The binding constant (K_f) for the 1:1 ratio between modified γ-CDs and the CUR inclusion complex was determined using the Benesi–Hildebrand (Equation (1)), using a plot of $\frac{1}{A-A_o}$ versus 1/[modified γ-CDs]

$$\frac{1}{A-A_o}=\frac{1}{A^{\prime }-A_o}+\frac{1}{K_f\left(A^{\prime }-A_o\right)\left[\gamma -CD\right]}$$

(1)

where A_o is the absorbance of the guest without modified γ-CDs, A is the absorbance with a particular concentration of modified γ-CDs, and A′ is the absorbance at the maximum concentration of modified γ-CDs.

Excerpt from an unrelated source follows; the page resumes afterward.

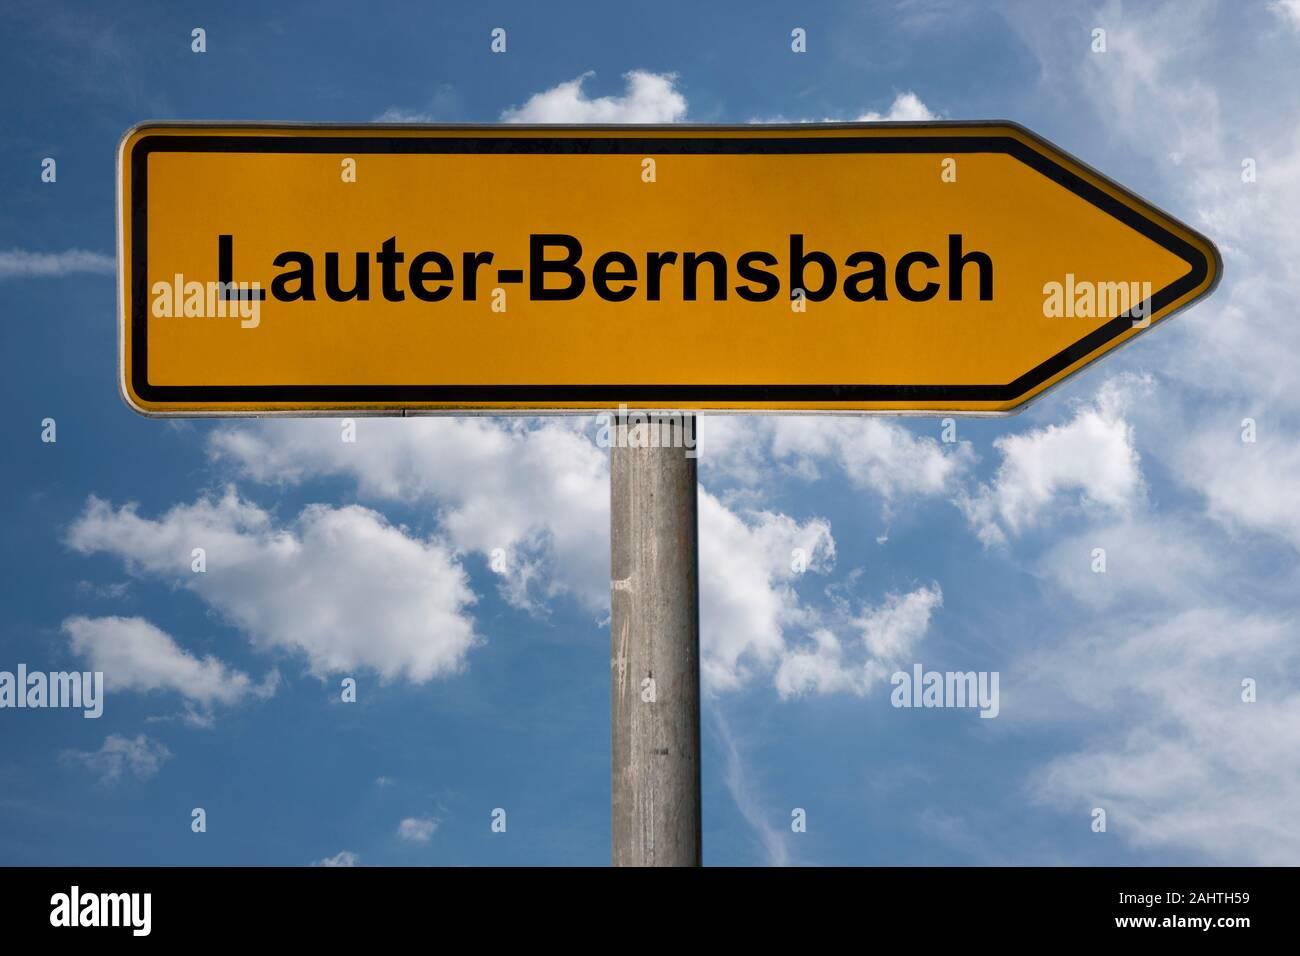 Girl aus Lauter-Bernsbach

The formation constant (K_f) can be calculated using Equation (2).

$$K_f=\frac{1}{slope \left(A^{\prime }-A_o\right)}$$

(2)

3.8. Cells Culture

Certified pure unloaded cyclodextrin compounds, γ-CD, γ-CD-NHCH₂CH₂NH₂, γ-CD-NH₂, and γ-CD-NHCH₂CH₂OH, were tested for their in vitro cytotoxic activities. The human dermal fibroblast cell line (HDF) was cultured in Dulbecco’s modified Eagle medium (DMEM) (Euroclone SpA, Pero, Italy). DMEM was supplemented with 10% (v/v) fetal bovine serum (FBS), 100 U/mL of penicillin, 100 mg/mL of streptomycin, and 2 mM of L-Glutamine, and was maintained in an incubator (Memmert, Büchenbach, Germany) at 37 °C under an atmosphere of 5% CO₂ and 90% relative humidity. The cells were sub-cultivated approximately every 2 to 3 days using 0.05% (w/v) trypsin-EDTA.

3.9. Cell Viability Assay

HDF cells (5 × 10³ cells per well) were seeded in 96-well plates. After 24 h, the cells were treated with serial dilution of each of the γ-CD, γ-CD-NHCH₂CH₂NH₂, γ-CD-NH₂, and γ-CD-NHCH₂CH₂OH in the concentration range of 0.0 to 500 μM for 72 h. After 72 h of incubation at 37 °C, the treatment was removed from the wells, and was followed by adding 15 μL of 3-(4,5-Dimethyl-2-thiazolyl)-2,5-diphenyltetrazolium bromide (MTT) solution and 100.00 μL of the medium. After 3 h of incubation, the medium was removed, and then 50.00 μL of dimethyl sulphoxide (DMSO) was added to dissolve the formazan. The absorbance was measured at a wavelength of 570 nm using a Glomax microplate reader (Promega, Madison, WI, USA) [30].

HDF cells were treated with serial concentrations of γ-CD, γ-CD-NH₂, γ-CD-NHCH₂CH₂OH, and γ-CD-NHCH₂CH₂NH₂ for 72 h. The cell’s viability was determined by the MTT assay. Data mean ± SD (n = 3).